L’olio di rosmarino in infusione, invece, tende ad avere una durata più breve, spesso compresa tra pochi mesi e un anno, a seconda dell’olio base e della cura nella preparazione. I segnali di alterazione sono abbastanza evidenti: odore rancido, metallico o sgradevole, colore molto scuro o torbido, comparsa di filamenti, puntini, muffe o sedimenti strani. In presenza di questi indizi è meglio non usare più l’olio, soprattutto sulla pelle.
A volte l’odore del rosmarino può attenuarsi, ma l’olio base essere ancora accettabile. In questi casi l’olio potrebbe avere perso parte dell’intensità aromatica, ma non avere ancora sviluppato sentori rancidi. La decisione se continuare a usarlo dipende anche dall’uso previsto e dalla tua sensibilità olfattiva.
Conservazione dell’olio di rosmarino fatto in casa
Quando l’olio è prodotto in casa, la fase di preparazione influenza moltissimo la sua futura conservazione. Se usi rosmarino fresco, la presenza di acqua nelle foglie e nei rametti è più alta e la possibilità di contaminazioni è maggiore. Per questo molti preferiscono usare rosmarino secco, ben pulito e privo di tracce di umidità, riducendo così il rischio di fermentazioni o muffe.
Dopo il periodo di macerazione, filtrare con cura l’olio, magari più di una volta, è un passaggio essenziale. Un primo filtraggio elimina i pezzi grossolani, un secondo, con una garza o un filtro più fine, aiuta a rimuovere le particelle più piccole. Solo dopo questa pulizia conviene trasferire l’olio nel contenitore definitivo.

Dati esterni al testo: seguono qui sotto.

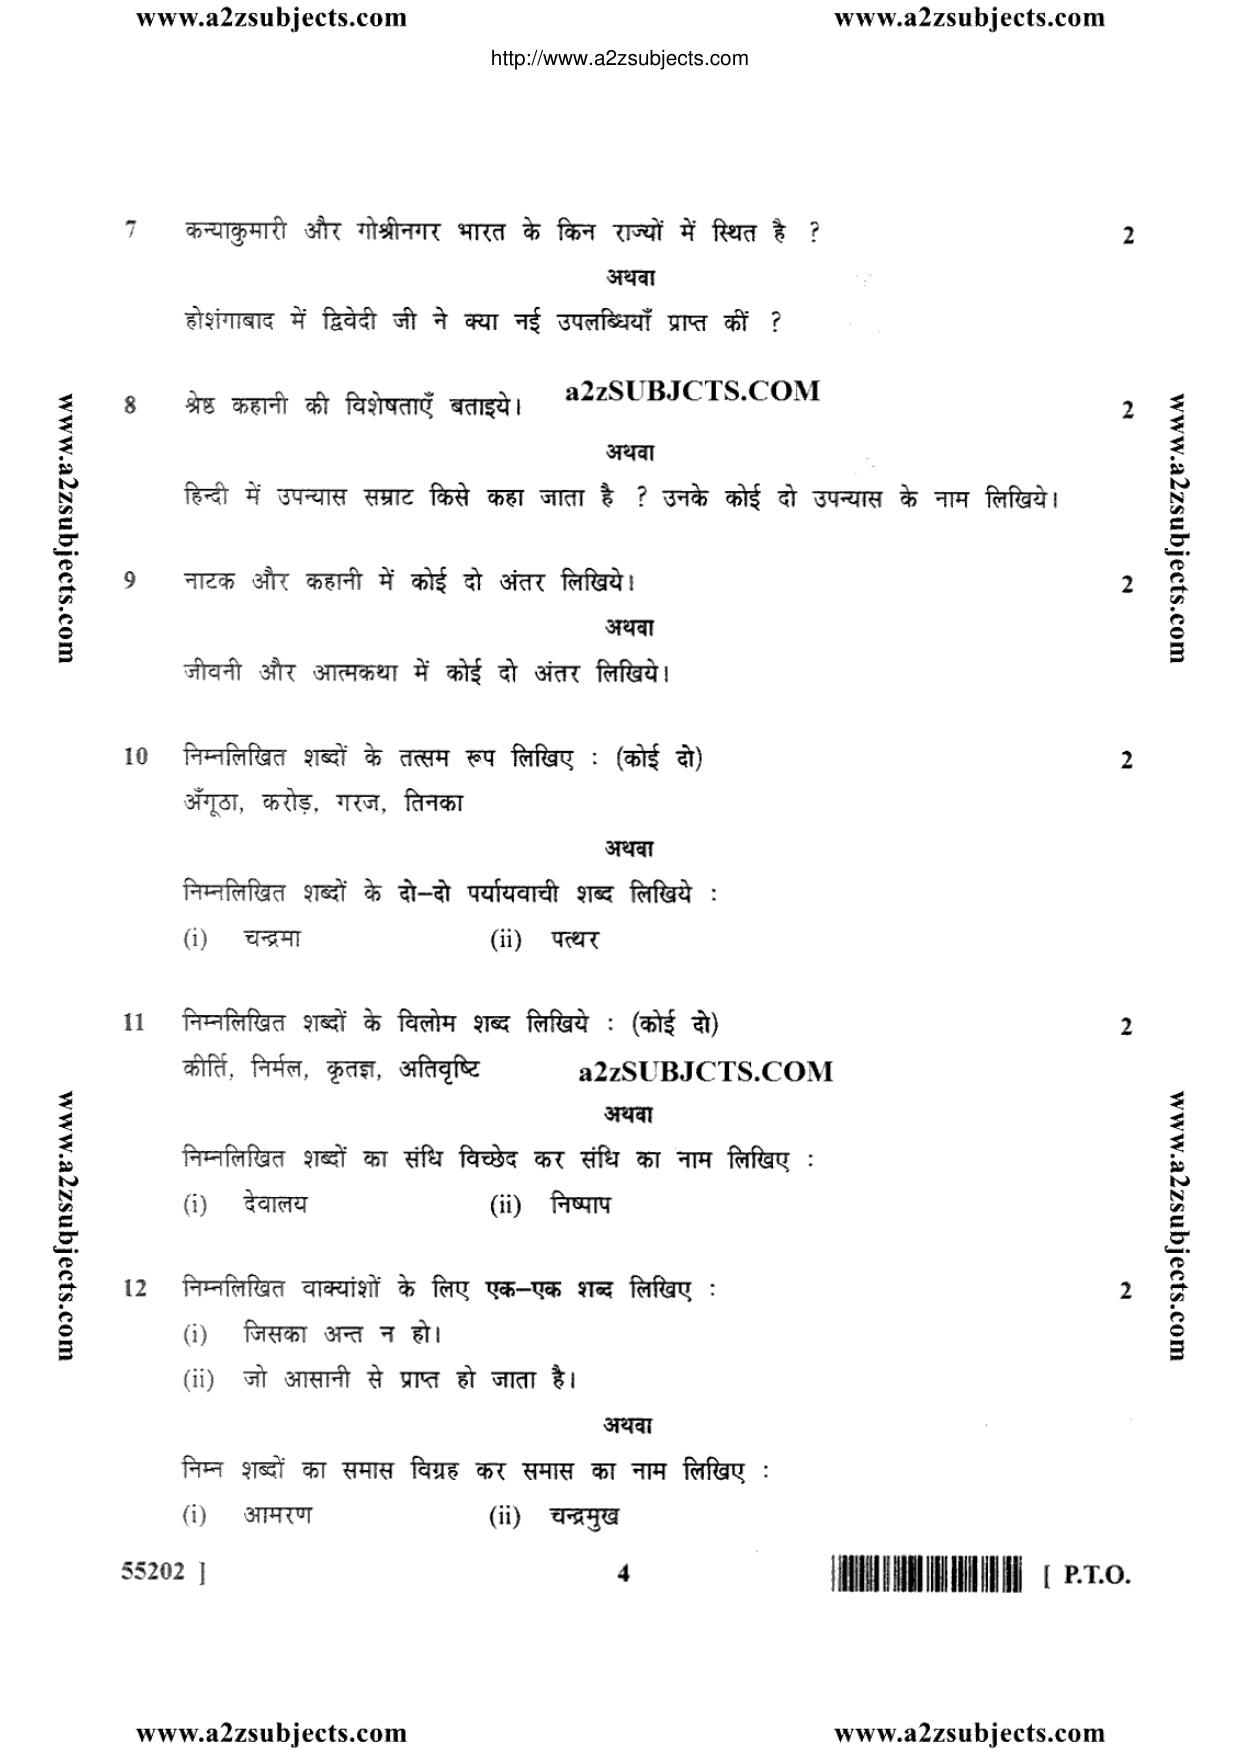 MP Board Class 10 Marathi 2017 Question Paper - Page 4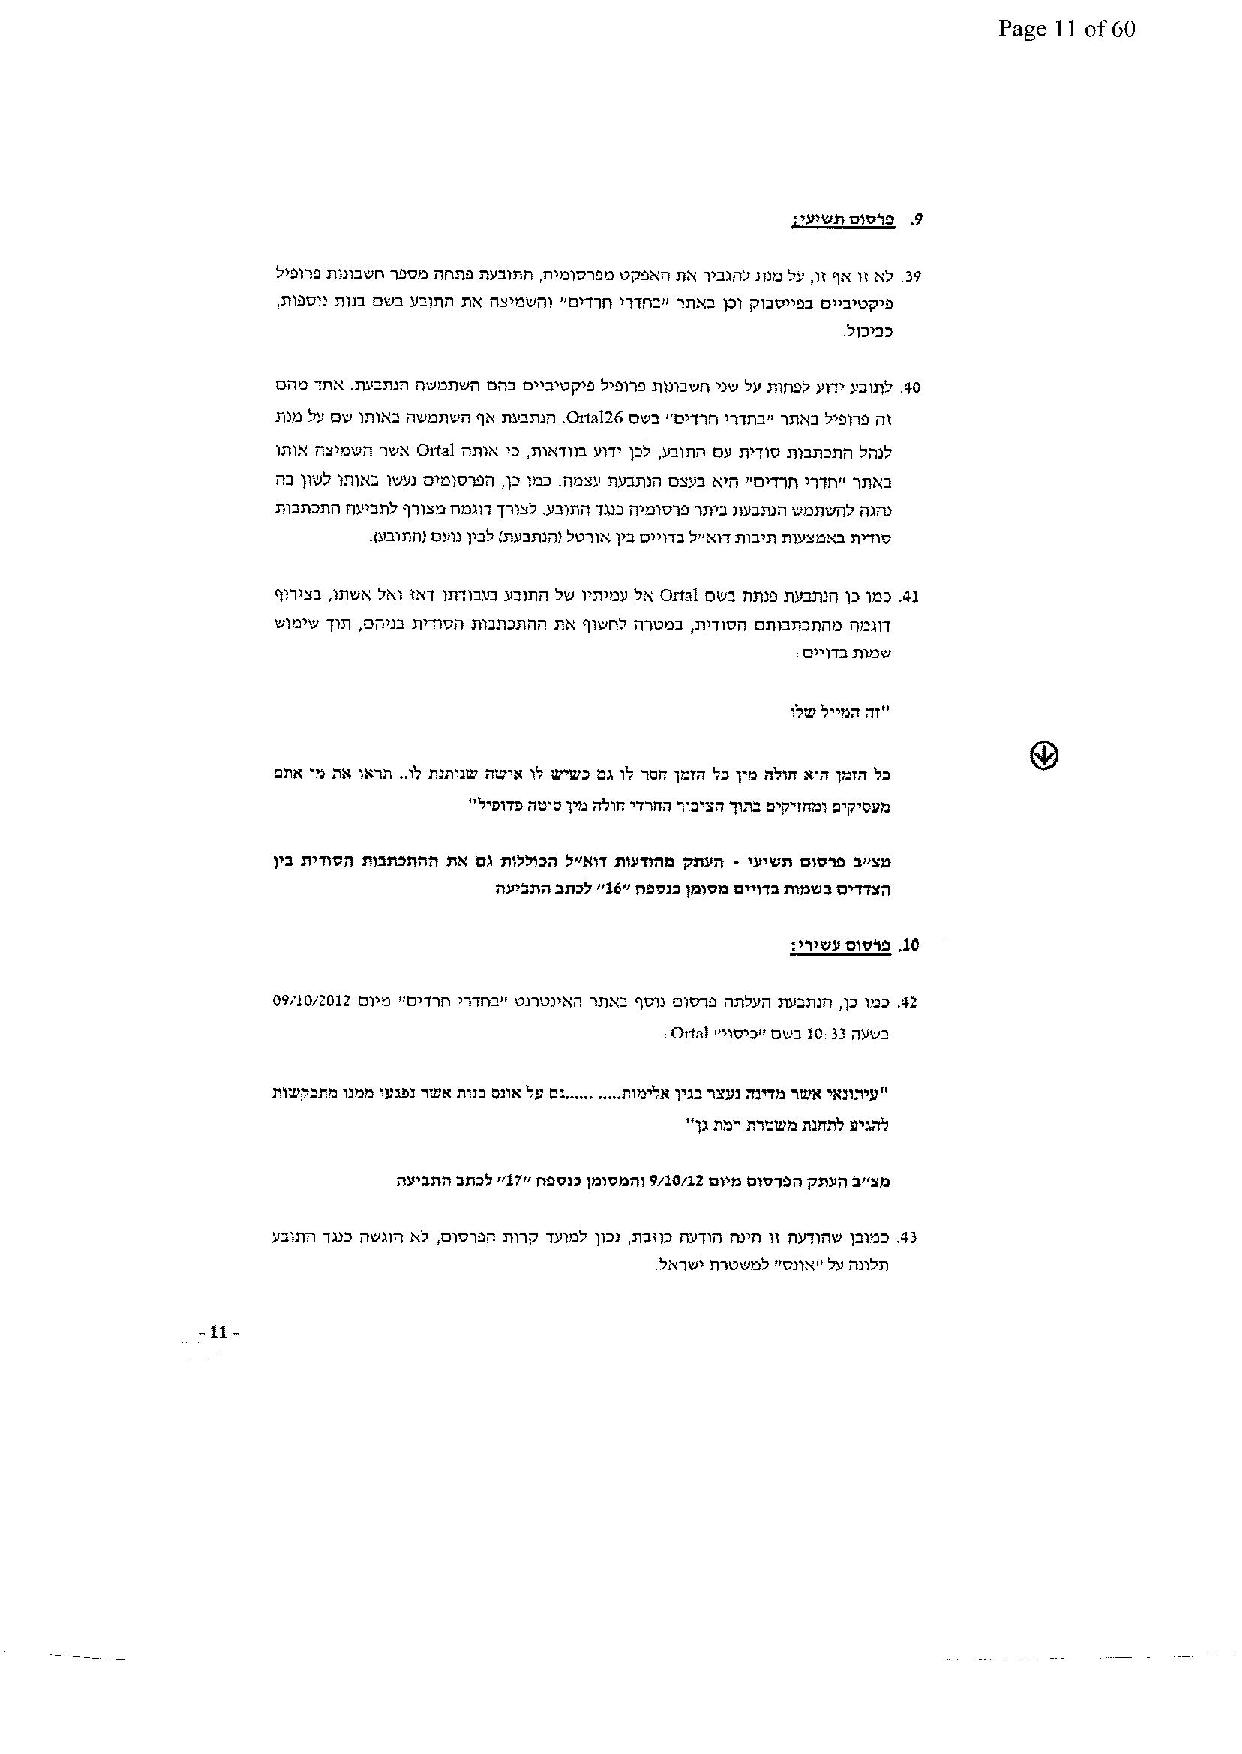 document-page-011

Etichettare il flacone con la data di preparazione è un gesto semplice ma molto utile. Ti permette di tenere traccia del tempo che passa e di decidere con maggiore consapevolezza quando è il caso di dare la precedenza a quell’olio rispetto ad altri o quando, dopo molti mesi, iniziare a valutarne l’eventuale sostituzione.
Se prevedi di non usare spesso l’olio, puoi preparare quantità più piccole, giusto quanto basta per qualche mese. Meglio rifare una macerazione in più, partendo da rosmarino fresco e olio base nuovo, che dover buttare via una grande quantità di olio irrancidito.
Conservare l’olio di rosmarino integrato in cosmetici
Spesso l’olio di rosmarino non viene usato da solo, ma come ingrediente di shampoo, sieri, maschere, oli per massaggio già pronti. In questi casi, le regole di conservazione seguono quelle del prodotto finito, che di solito contiene anche acqua, emulsionanti e conservanti.
Un flacone di olio per capelli con rosmarino, acquistato già formulato, andrà tenuto chiuso, a riparo da luce e calore, e utilizzato entro il periodo indicato dal PAO, il simbolo del barattolino aperto con un numero di mesi. Non è necessario conservarlo in frigorifero, a meno che il produttore non lo suggerisca espressamente.
Se prepari da te un olio da massaggio o un siero oleoso con qualche goccia di olio essenziale di rosmarino, le regole tornano simili a quelle dell’olio in infusione. Anche qui, meglio scegliere contenitori piccoli, vetro scuro, tappo ben chiudibile, ambiente fresco e uso entro alcuni mesi.